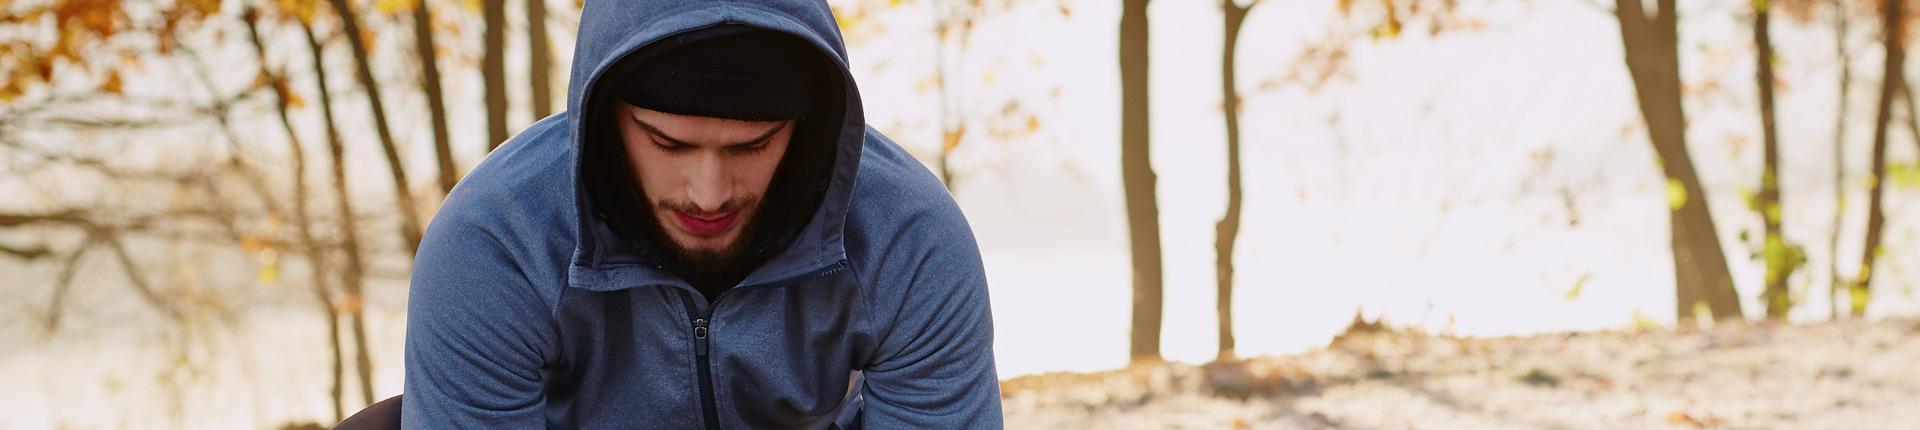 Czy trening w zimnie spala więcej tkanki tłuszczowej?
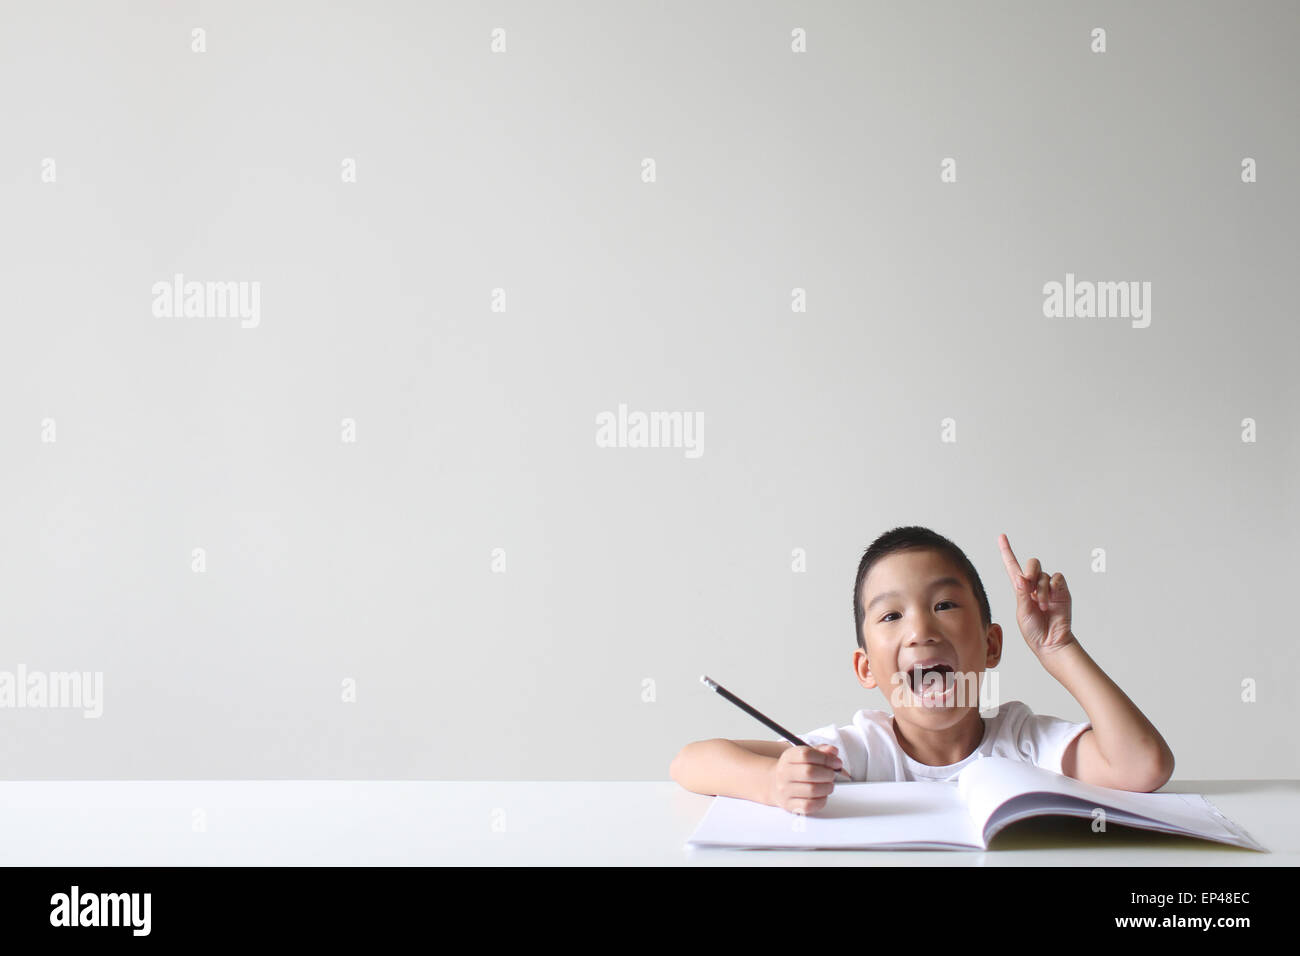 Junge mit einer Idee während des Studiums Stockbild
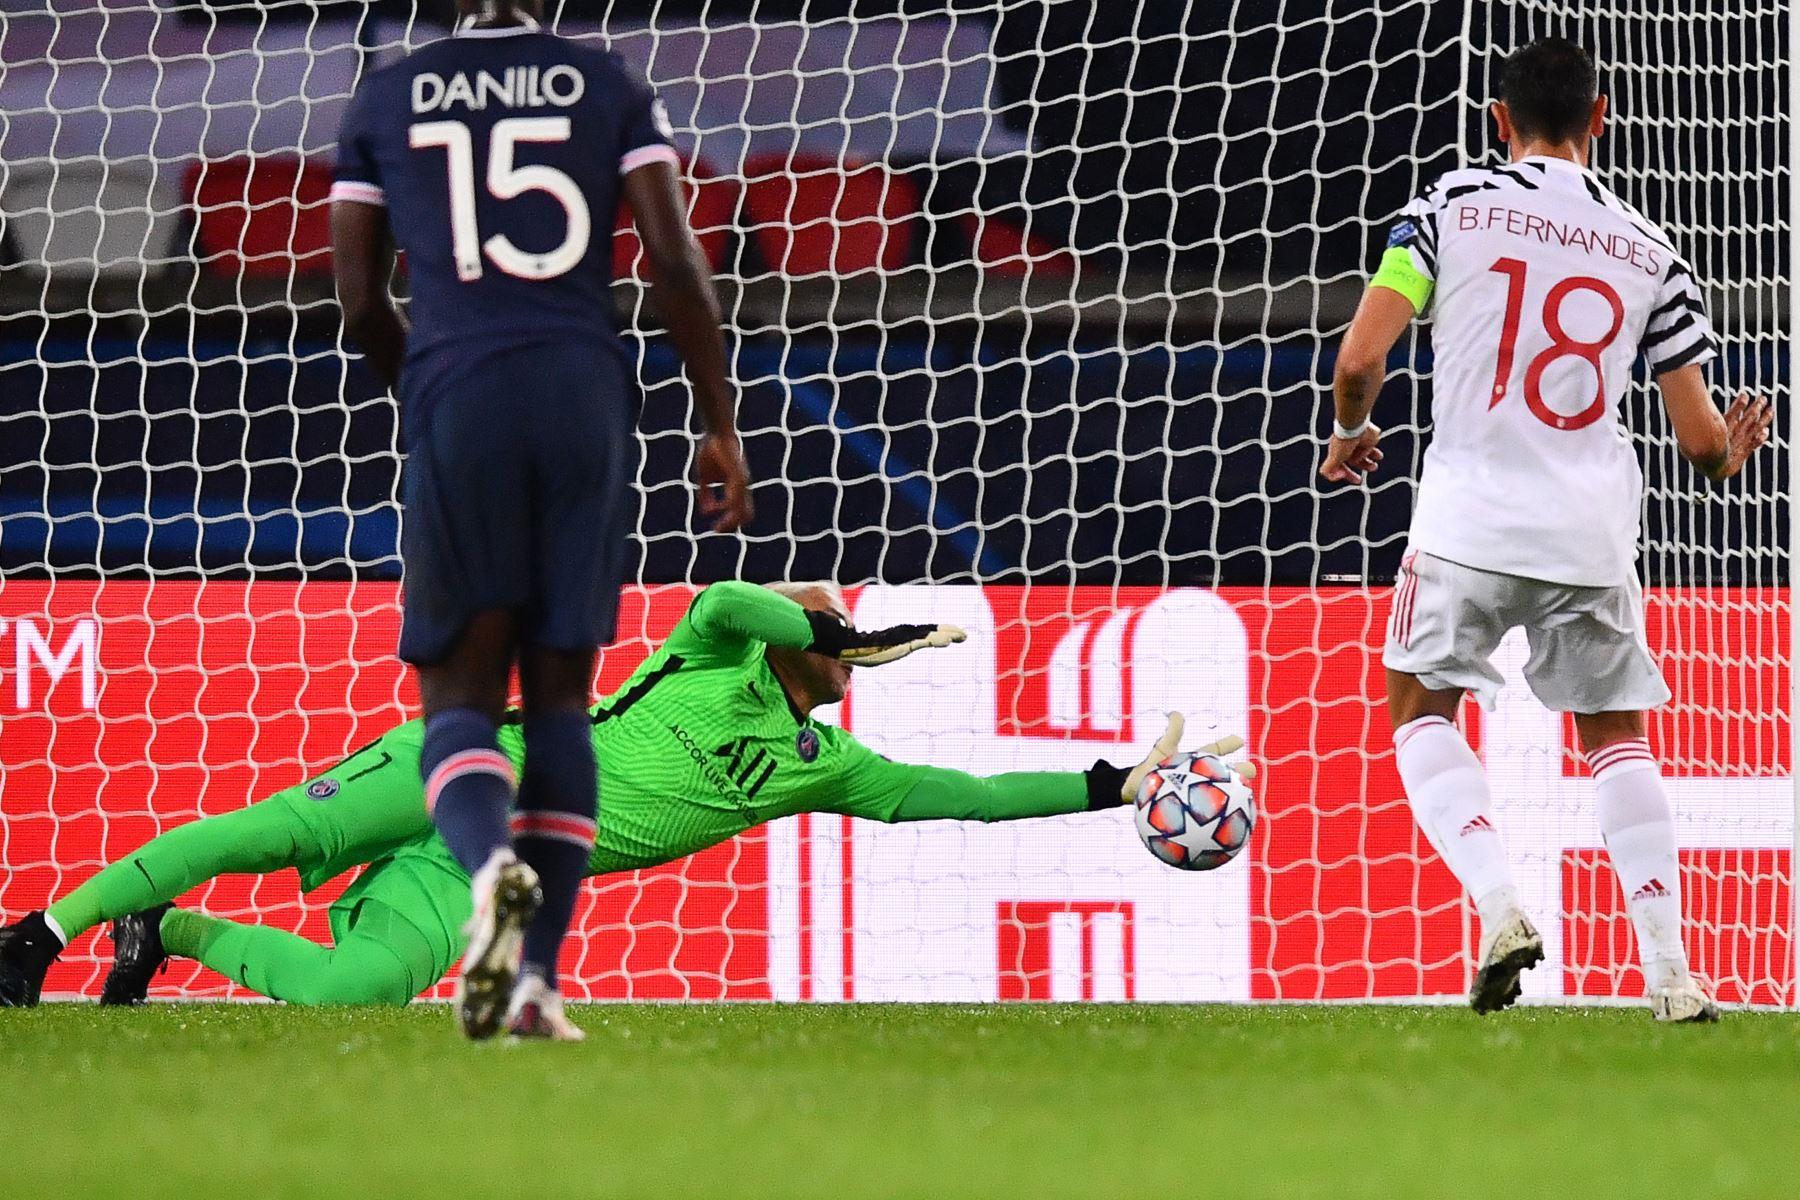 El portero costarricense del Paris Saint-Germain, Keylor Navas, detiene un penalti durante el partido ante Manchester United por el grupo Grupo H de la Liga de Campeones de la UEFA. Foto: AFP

_The task_.
Could the data above be returned in full, exactly, with every image left out?

_Result for this task_.
 Czy trening w zimnie spala więcej tkanki tłuszczowej?
 Junge mit einer Idee während des Studiums Stockbild
 El portero costarricense del Paris Saint-Germain, Keylor Navas, detiene un penalti durante el partido ante Manchester United por el grupo Grupo H de la Liga de Campeones de la UEFA. Foto: AFP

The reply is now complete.